[Opening Input data section]

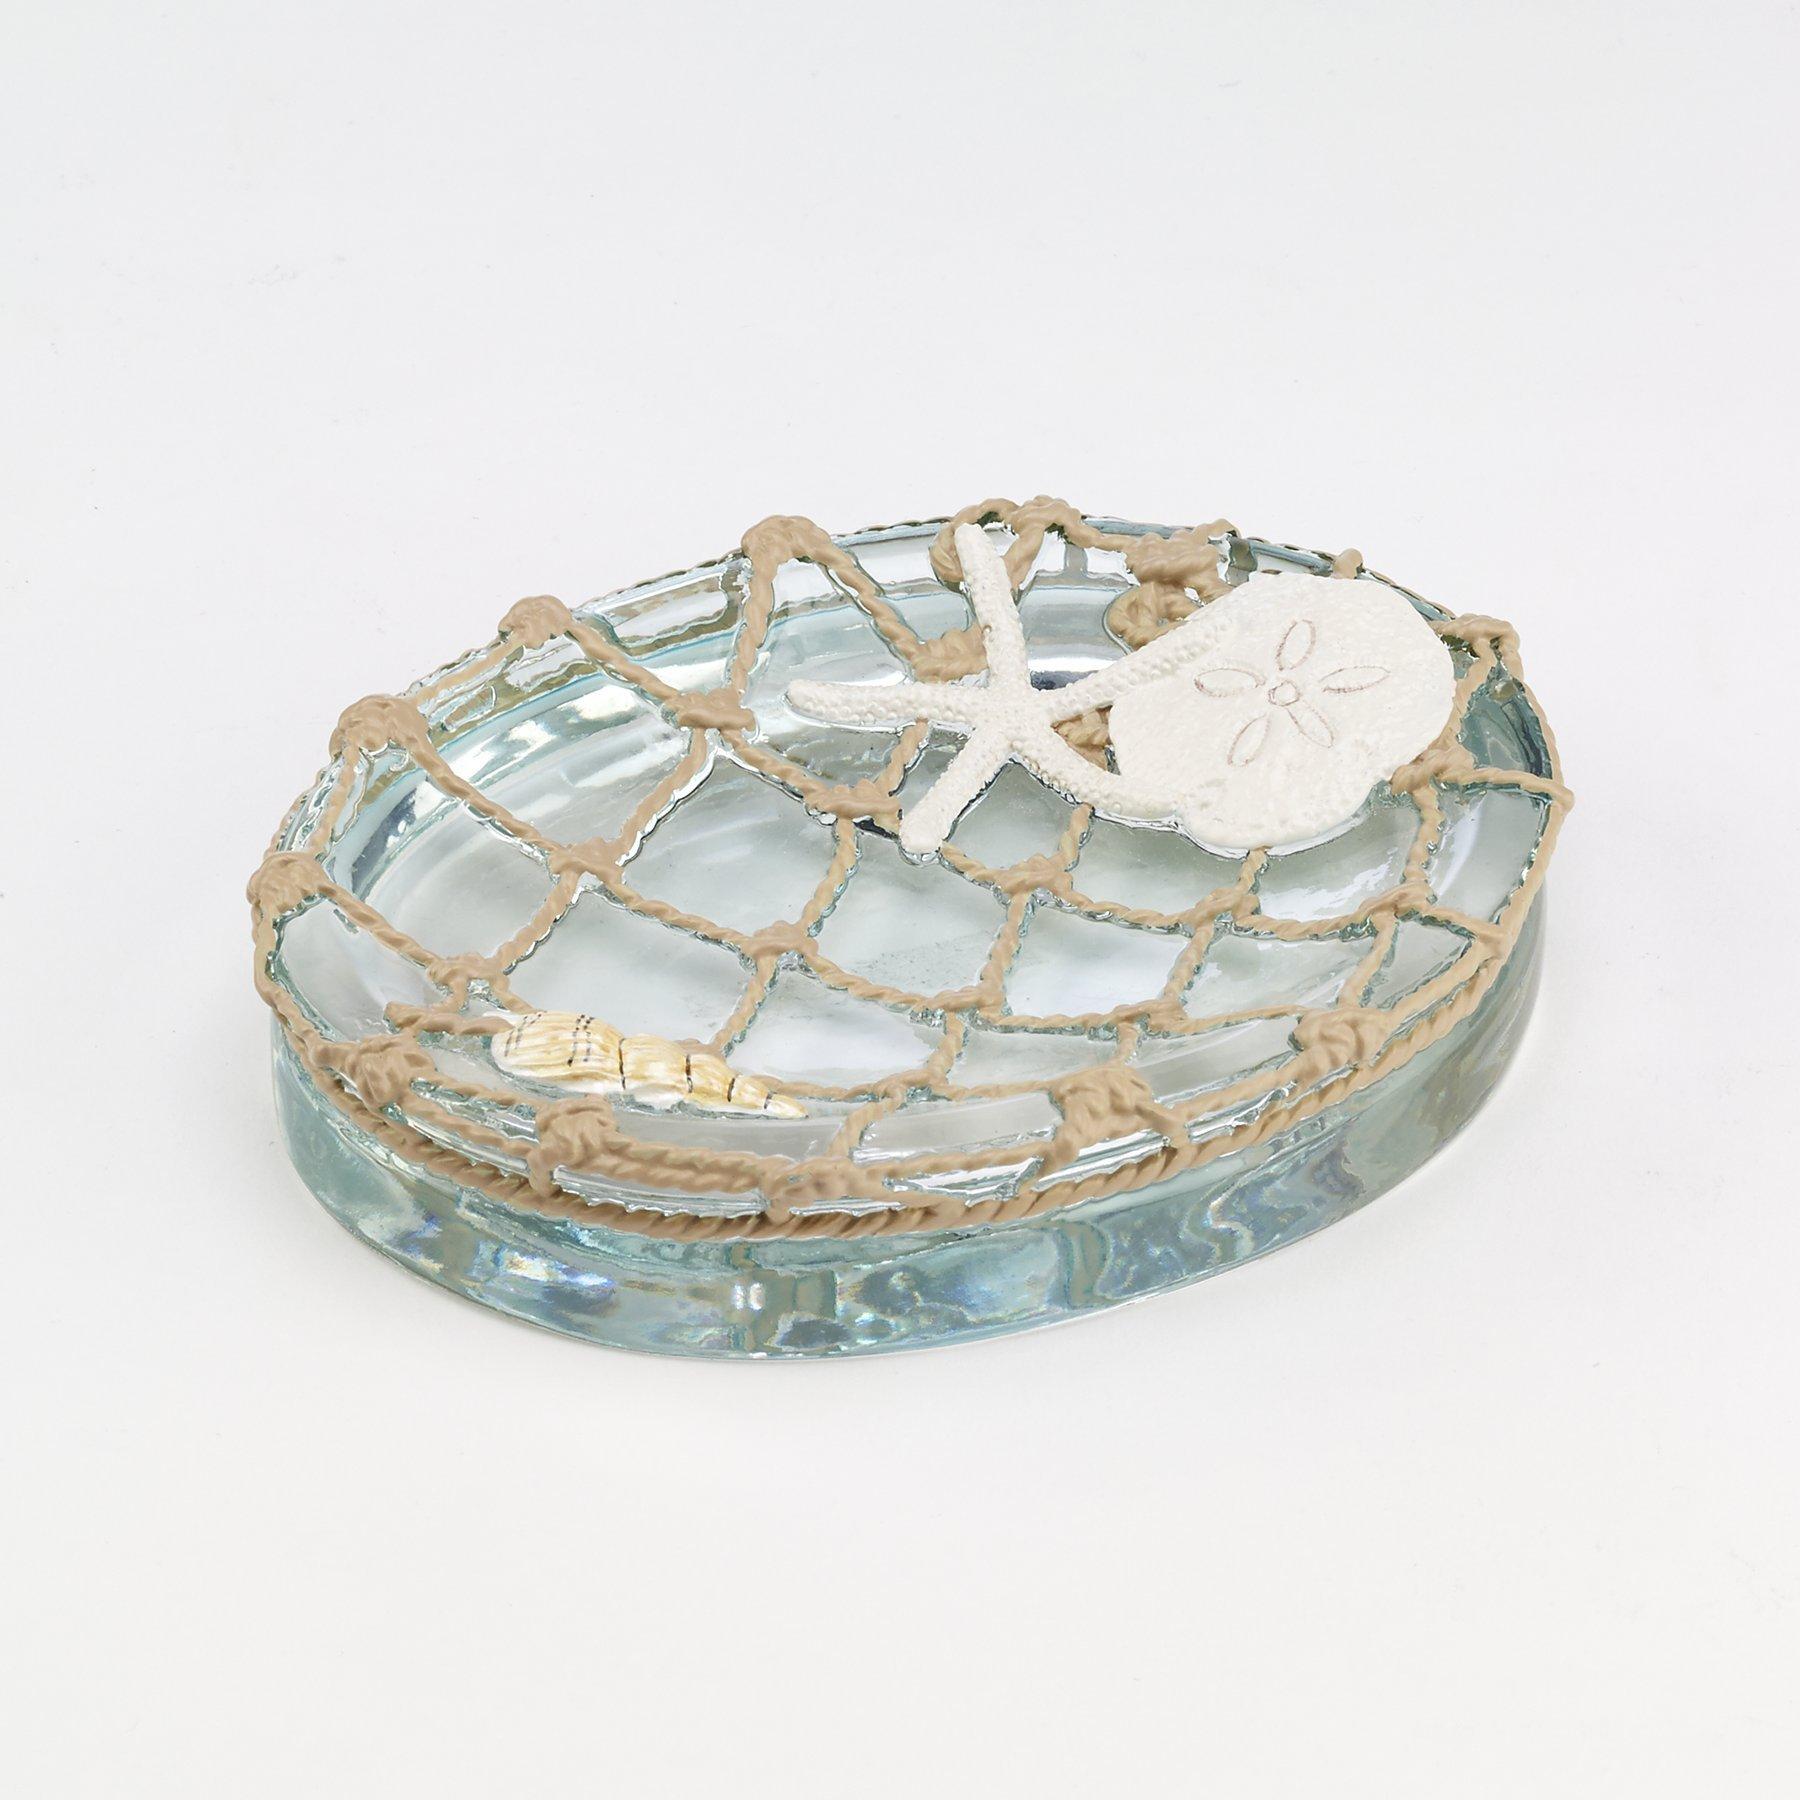 Avanti Linens Seaglass Soap Dish by Avanti Linens
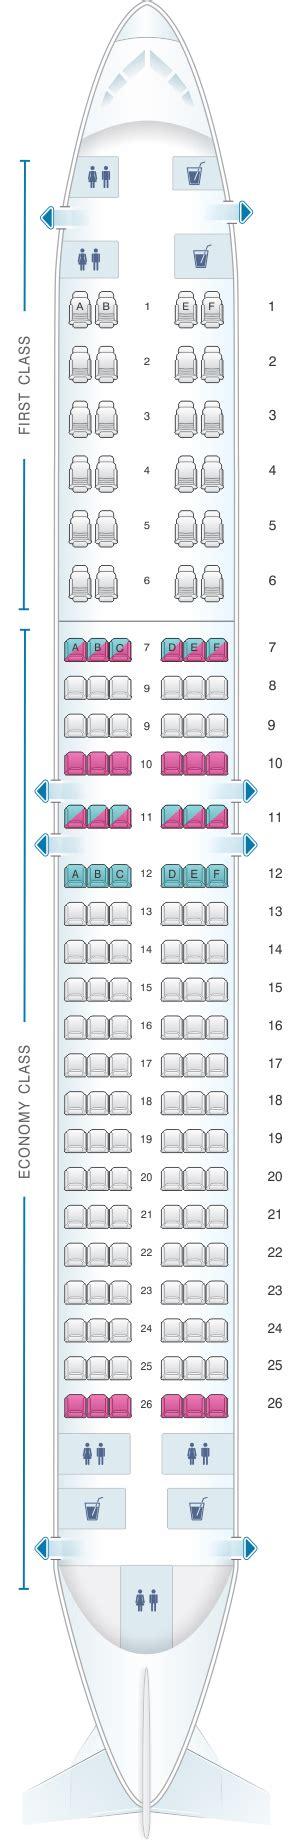 siege transavia plan de cabine air algerie boeing b737 800 config 2
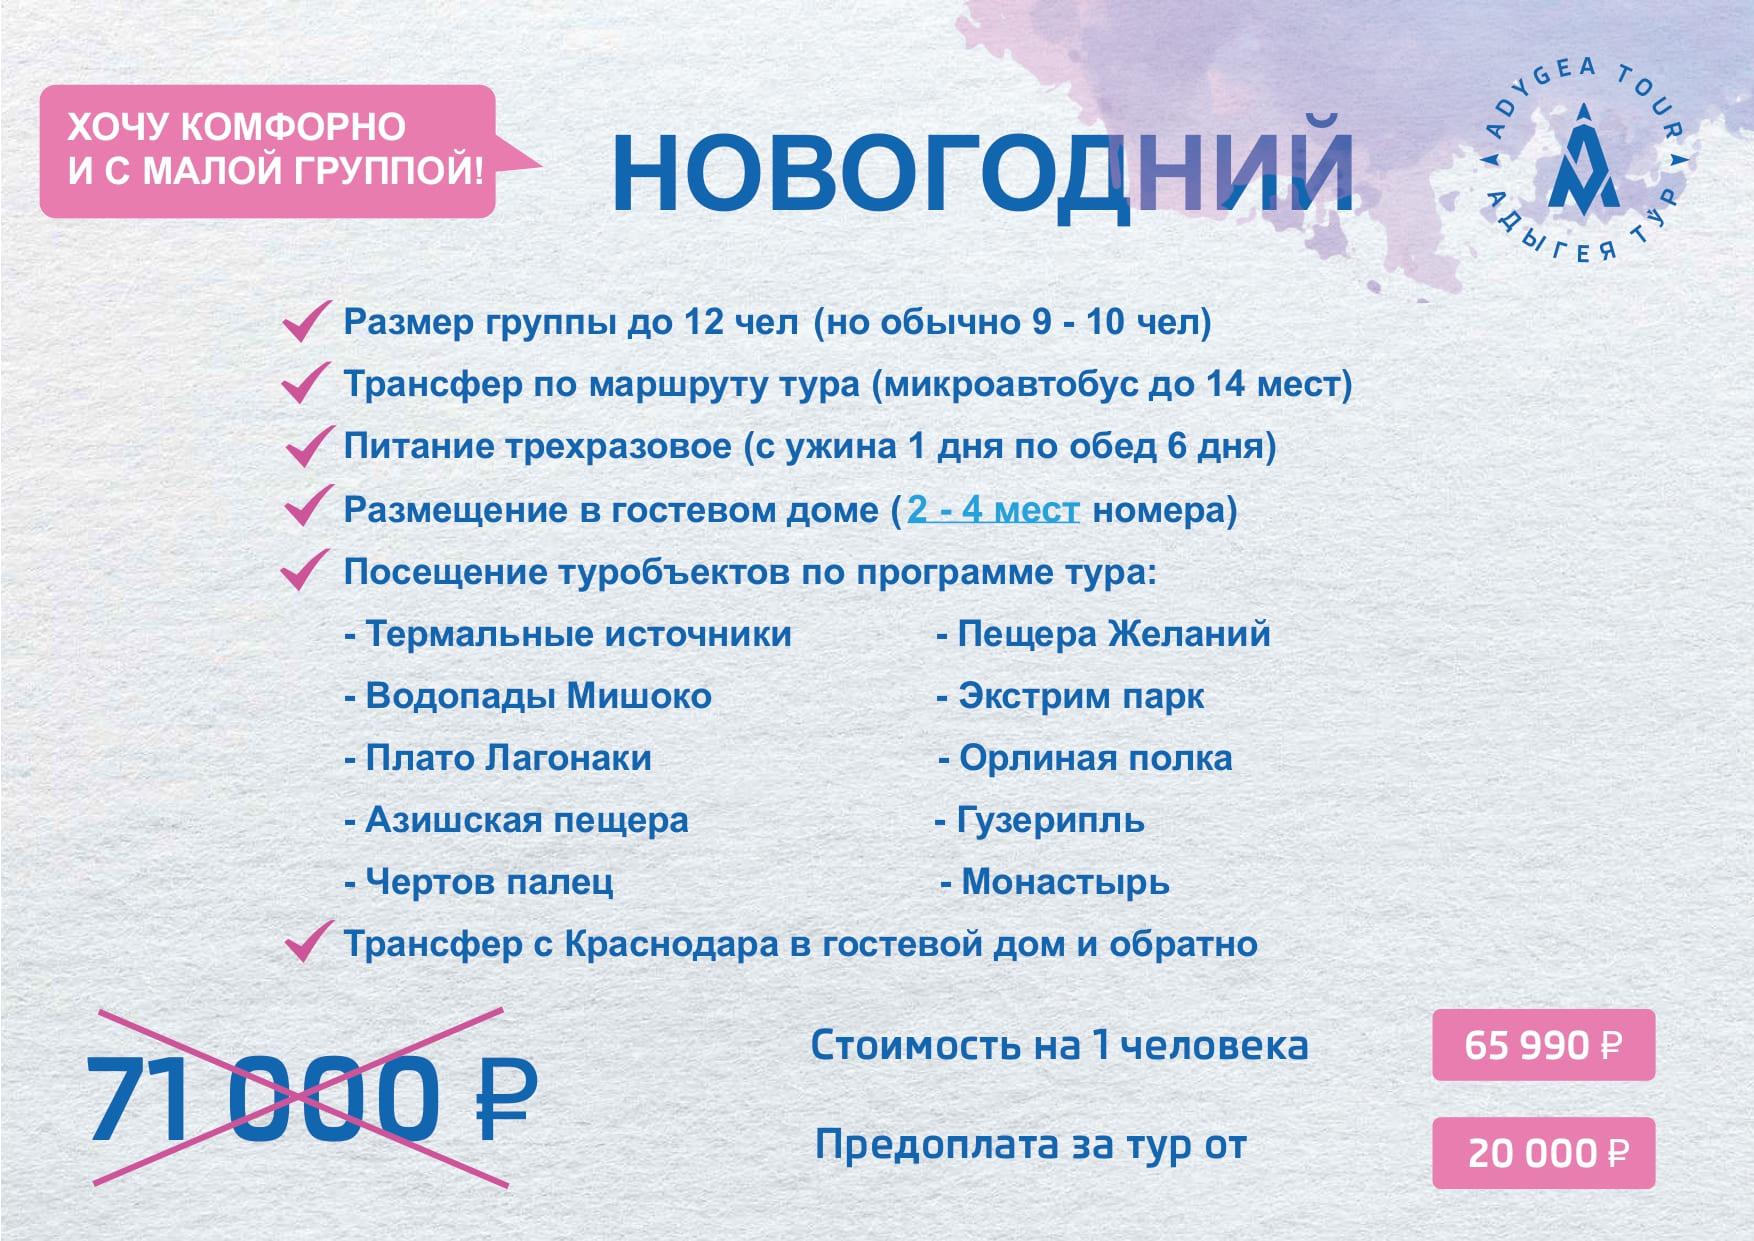 Новогодний Адыгея_compressed (1)_page-0018
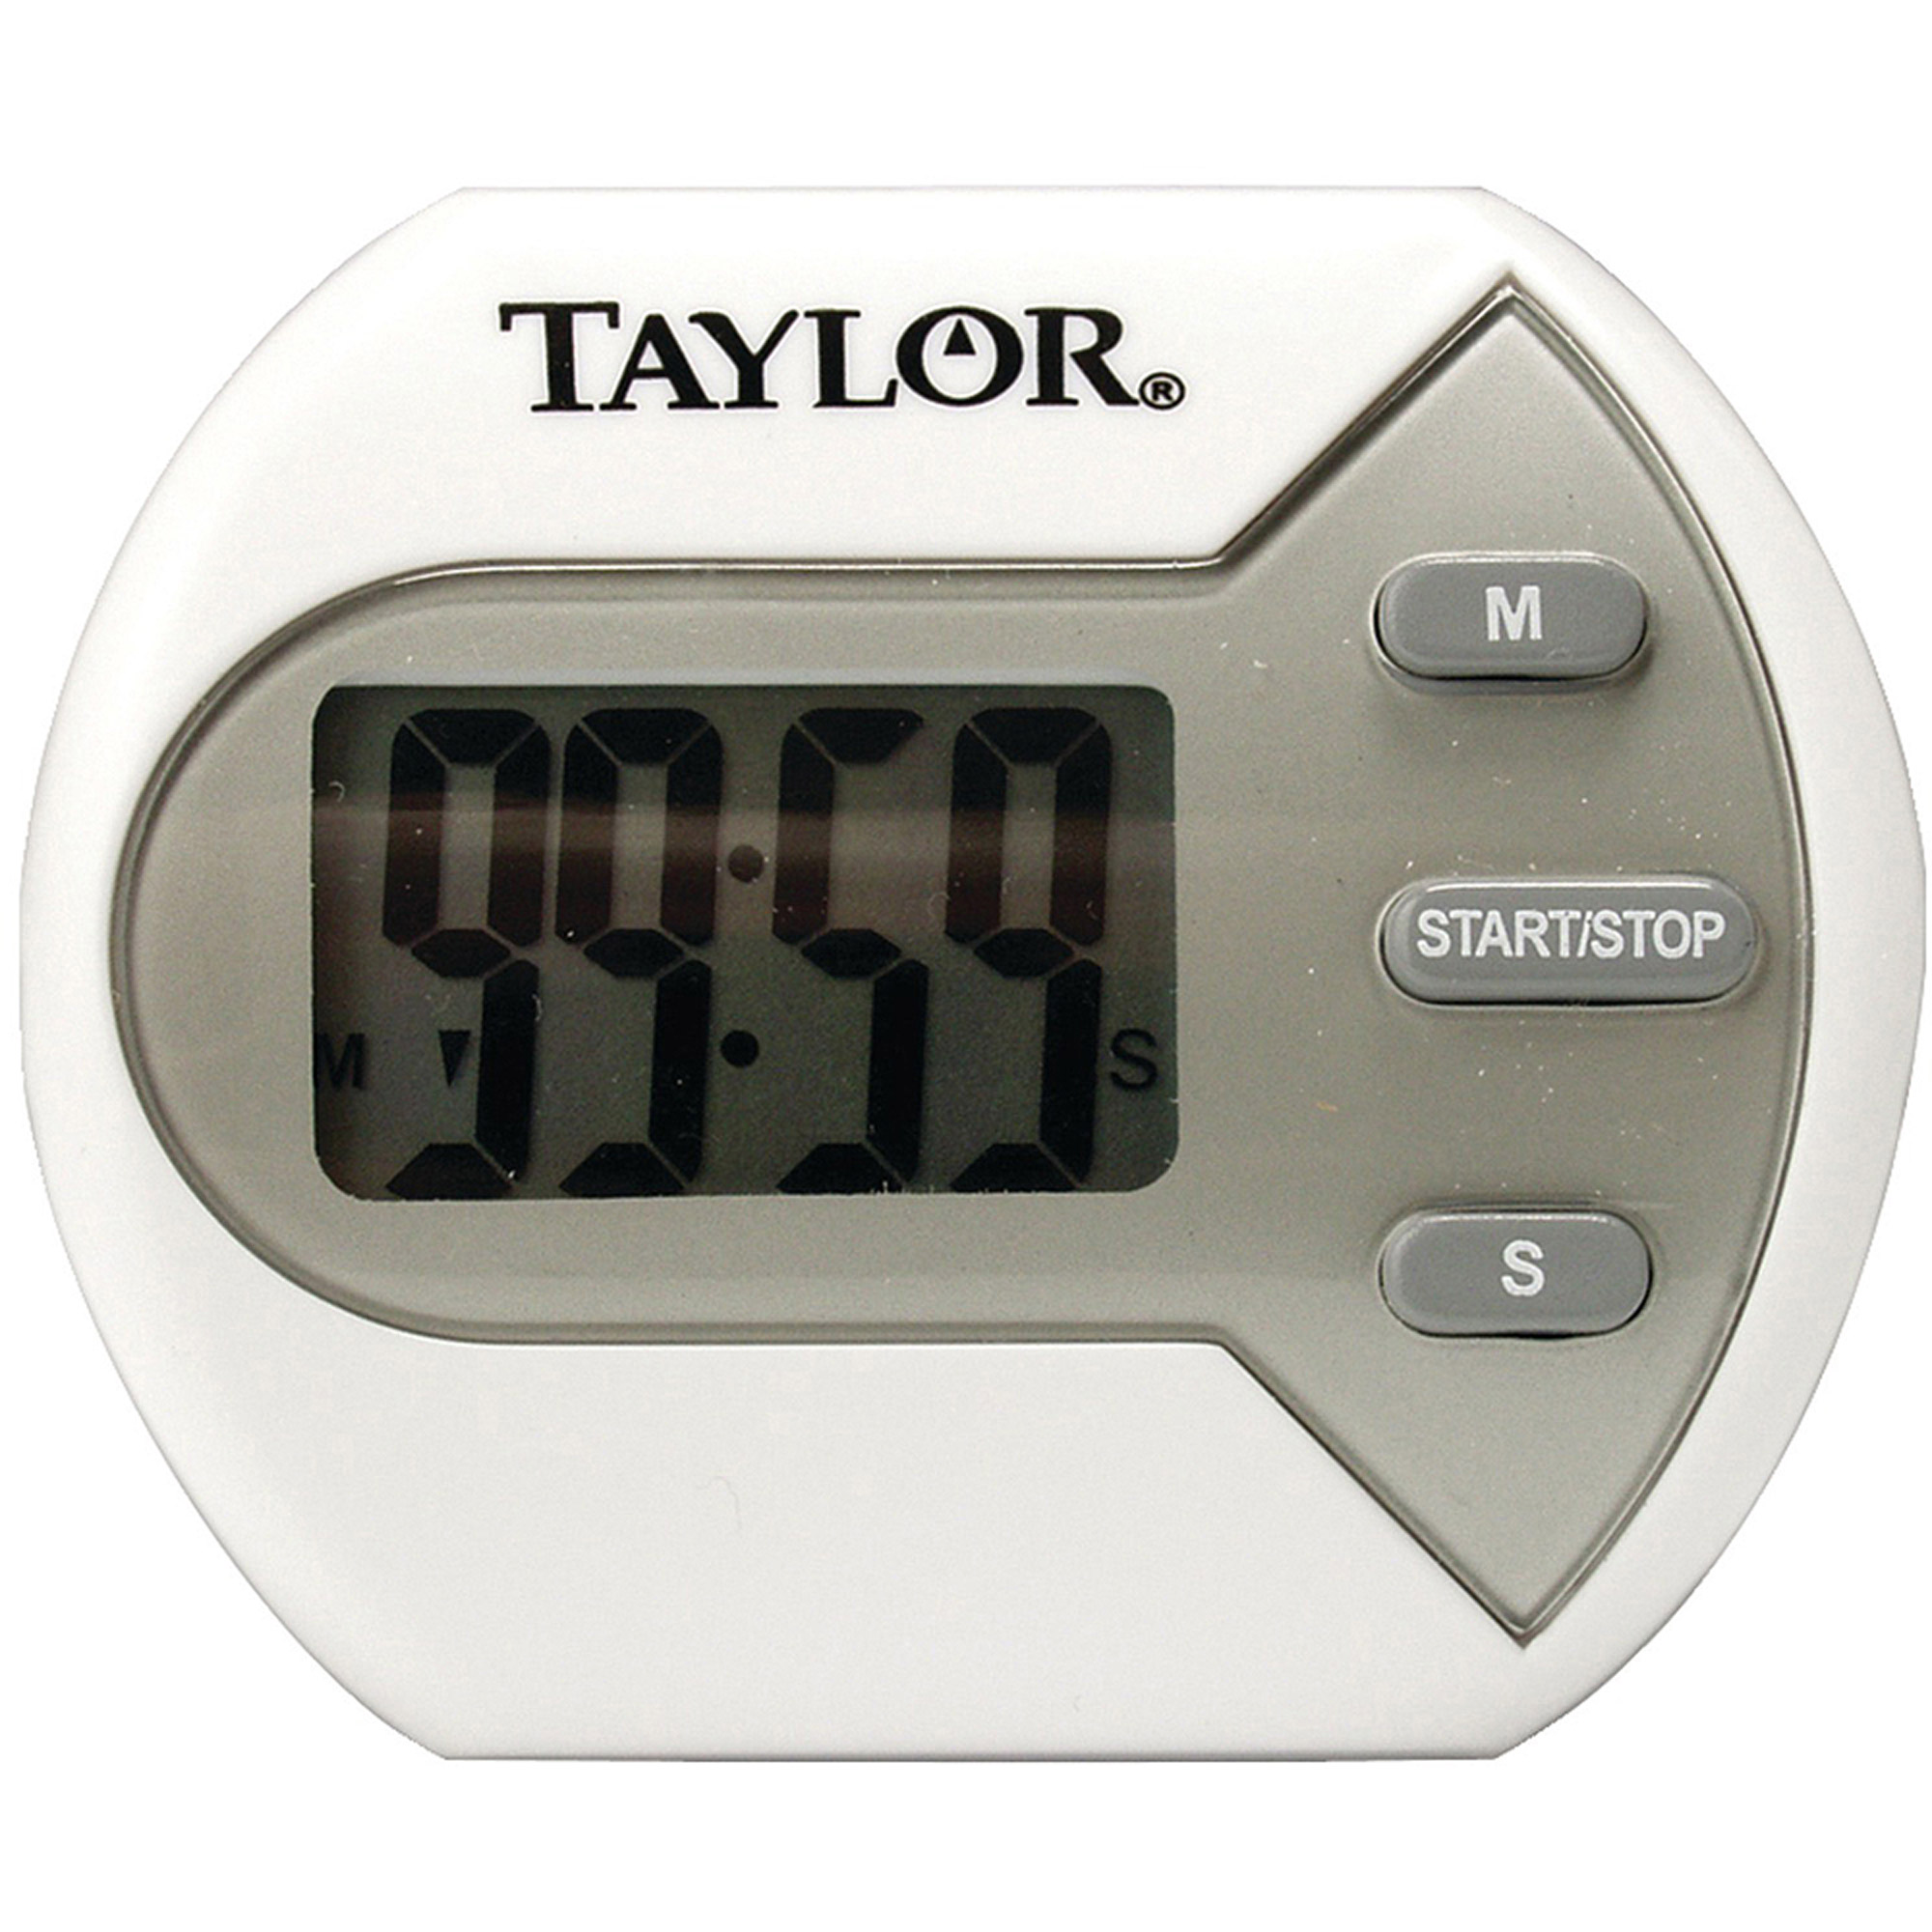 Taylor 5806 Digital Timer - Walmart.com

[Closing Input data section]

Try it: Take the line with "Новогодний Адыгея_compressed (1)_page-0018" and every line after it through the end of the data, and write only them out exactly, leaving out the pictures.

Task result:
 Новогодний Адыгея_compressed (1)_page-0018
 Taylor 5806 Digital Timer - Walmart.com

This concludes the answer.